[Available data — start]

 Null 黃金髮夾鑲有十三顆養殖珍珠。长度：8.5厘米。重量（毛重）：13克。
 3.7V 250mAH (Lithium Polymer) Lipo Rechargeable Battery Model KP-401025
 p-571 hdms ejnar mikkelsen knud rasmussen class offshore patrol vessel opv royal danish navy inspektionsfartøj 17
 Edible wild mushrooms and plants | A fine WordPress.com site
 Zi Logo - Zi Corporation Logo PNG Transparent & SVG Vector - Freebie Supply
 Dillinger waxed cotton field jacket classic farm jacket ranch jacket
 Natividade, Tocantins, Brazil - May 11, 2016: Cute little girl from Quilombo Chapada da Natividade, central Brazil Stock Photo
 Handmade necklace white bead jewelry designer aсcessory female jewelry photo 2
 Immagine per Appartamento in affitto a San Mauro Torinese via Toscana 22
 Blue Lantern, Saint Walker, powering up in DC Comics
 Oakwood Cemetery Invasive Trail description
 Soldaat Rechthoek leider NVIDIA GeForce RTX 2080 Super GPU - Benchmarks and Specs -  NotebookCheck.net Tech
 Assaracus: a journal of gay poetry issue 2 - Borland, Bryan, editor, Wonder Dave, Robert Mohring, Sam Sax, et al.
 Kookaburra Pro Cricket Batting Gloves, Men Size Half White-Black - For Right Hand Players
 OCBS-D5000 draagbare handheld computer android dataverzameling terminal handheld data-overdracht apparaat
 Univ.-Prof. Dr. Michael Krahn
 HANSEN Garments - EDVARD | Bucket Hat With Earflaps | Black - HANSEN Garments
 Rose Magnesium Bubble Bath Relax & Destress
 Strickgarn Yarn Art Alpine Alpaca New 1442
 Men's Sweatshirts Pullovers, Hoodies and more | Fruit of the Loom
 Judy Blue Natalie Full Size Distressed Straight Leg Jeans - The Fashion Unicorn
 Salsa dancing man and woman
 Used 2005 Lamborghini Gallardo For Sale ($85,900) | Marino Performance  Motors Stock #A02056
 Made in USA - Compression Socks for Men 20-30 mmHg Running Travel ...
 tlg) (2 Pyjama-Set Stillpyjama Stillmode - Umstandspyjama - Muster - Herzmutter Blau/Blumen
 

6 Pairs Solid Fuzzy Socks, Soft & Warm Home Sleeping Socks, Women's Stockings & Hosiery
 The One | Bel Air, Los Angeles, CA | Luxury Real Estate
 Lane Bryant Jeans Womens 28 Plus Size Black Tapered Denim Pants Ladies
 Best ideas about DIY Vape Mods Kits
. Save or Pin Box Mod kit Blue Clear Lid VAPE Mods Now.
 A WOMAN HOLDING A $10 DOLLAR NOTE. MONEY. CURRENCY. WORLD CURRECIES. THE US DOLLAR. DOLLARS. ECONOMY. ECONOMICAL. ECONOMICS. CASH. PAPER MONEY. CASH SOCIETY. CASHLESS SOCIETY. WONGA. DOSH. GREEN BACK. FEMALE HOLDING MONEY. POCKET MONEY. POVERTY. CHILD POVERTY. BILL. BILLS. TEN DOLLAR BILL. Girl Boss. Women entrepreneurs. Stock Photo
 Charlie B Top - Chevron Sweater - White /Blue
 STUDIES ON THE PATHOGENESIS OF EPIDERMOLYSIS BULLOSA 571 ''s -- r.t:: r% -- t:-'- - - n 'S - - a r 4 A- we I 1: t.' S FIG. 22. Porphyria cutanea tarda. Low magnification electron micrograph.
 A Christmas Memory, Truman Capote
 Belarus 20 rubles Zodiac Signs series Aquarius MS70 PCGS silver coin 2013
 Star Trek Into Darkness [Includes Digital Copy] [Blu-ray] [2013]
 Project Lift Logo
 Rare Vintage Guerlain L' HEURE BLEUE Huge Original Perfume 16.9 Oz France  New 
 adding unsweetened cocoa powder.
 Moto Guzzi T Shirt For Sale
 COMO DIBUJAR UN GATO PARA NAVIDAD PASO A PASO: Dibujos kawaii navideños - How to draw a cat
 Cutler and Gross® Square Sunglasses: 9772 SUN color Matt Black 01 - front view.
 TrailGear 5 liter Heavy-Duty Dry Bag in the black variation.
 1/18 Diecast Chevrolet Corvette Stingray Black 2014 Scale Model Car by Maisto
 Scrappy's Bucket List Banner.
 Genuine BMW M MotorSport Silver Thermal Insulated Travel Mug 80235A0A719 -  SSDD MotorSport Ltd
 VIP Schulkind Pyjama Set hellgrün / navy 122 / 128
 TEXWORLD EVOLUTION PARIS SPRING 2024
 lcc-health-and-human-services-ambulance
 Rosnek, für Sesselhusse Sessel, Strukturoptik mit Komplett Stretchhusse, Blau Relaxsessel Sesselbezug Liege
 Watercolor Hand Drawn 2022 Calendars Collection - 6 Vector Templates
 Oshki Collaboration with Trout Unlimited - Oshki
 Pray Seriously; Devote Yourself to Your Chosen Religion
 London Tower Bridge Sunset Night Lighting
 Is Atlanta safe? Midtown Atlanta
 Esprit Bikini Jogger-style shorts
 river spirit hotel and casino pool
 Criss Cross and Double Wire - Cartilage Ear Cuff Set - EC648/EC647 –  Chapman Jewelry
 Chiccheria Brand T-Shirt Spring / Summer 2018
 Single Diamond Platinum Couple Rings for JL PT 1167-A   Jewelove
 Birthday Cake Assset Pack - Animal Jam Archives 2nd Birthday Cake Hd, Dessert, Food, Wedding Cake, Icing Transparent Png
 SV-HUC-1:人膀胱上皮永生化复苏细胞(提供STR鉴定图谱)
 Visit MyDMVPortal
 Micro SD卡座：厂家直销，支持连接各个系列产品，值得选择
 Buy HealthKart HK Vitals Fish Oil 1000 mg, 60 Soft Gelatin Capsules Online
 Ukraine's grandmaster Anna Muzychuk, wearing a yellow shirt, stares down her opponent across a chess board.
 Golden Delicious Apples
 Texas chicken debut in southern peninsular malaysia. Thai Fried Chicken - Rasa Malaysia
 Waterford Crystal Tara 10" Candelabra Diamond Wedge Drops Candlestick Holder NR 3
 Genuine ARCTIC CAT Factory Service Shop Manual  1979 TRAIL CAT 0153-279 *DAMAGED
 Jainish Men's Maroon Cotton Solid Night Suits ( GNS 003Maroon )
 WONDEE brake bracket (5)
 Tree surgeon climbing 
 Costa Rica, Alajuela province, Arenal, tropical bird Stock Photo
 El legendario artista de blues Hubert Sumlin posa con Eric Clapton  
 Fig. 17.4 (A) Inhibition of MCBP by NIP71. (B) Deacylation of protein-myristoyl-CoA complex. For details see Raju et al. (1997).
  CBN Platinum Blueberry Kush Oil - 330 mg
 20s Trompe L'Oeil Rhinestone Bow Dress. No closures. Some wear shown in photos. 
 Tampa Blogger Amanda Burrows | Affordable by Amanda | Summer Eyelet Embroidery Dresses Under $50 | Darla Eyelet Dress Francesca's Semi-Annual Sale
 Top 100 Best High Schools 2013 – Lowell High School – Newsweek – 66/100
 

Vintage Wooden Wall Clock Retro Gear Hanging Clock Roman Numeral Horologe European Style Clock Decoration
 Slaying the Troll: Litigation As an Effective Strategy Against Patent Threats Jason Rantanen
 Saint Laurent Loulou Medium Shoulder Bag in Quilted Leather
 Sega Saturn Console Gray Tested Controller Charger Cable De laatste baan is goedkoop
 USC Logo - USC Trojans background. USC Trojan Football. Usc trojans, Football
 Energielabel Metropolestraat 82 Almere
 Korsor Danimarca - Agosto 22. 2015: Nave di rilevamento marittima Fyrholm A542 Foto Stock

[Available data — finish]

» **Task requirements**: The range runs from the line above containing "Best ideas about DIY Vape Mods Kits" to the line containing "COMO DIBUJAR UN", inclusive. Restate those lines word for word and no others.

» **Written solution**:
 Best ideas about DIY Vape Mods Kits
. Save or Pin Box Mod kit Blue Clear Lid VAPE Mods Now.
 A WOMAN HOLDING A $10 DOLLAR NOTE. MONEY. CURRENCY. WORLD CURRECIES. THE US DOLLAR. DOLLARS. ECONOMY. ECONOMICAL. ECONOMICS. CASH. PAPER MONEY. CASH SOCIETY. CASHLESS SOCIETY. WONGA. DOSH. GREEN BACK. FEMALE HOLDING MONEY. POCKET MONEY. POVERTY. CHILD POVERTY. BILL. BILLS. TEN DOLLAR BILL. Girl Boss. Women entrepreneurs. Stock Photo
 Charlie B Top - Chevron Sweater - White /Blue
 STUDIES ON THE PATHOGENESIS OF EPIDERMOLYSIS BULLOSA 571 ''s -- r.t:: r% -- t:-'- - - n 'S - - a r 4 A- we I 1: t.' S FIG. 22. Porphyria cutanea tarda. Low magnification electron micrograph.
 A Christmas Memory, Truman Capote
 Belarus 20 rubles Zodiac Signs series Aquarius MS70 PCGS silver coin 2013
 Star Trek Into Darkness [Includes Digital Copy] [Blu-ray] [2013]
 Project Lift Logo
 Rare Vintage Guerlain L' HEURE BLEUE Huge Original Perfume 16.9 Oz France  New 
 adding unsweetened cocoa powder.
 Moto Guzzi T Shirt For Sale
 COMO DIBUJAR UN GATO PARA NAVIDAD PASO A PASO: Dibujos kawaii navideños - How to draw a cat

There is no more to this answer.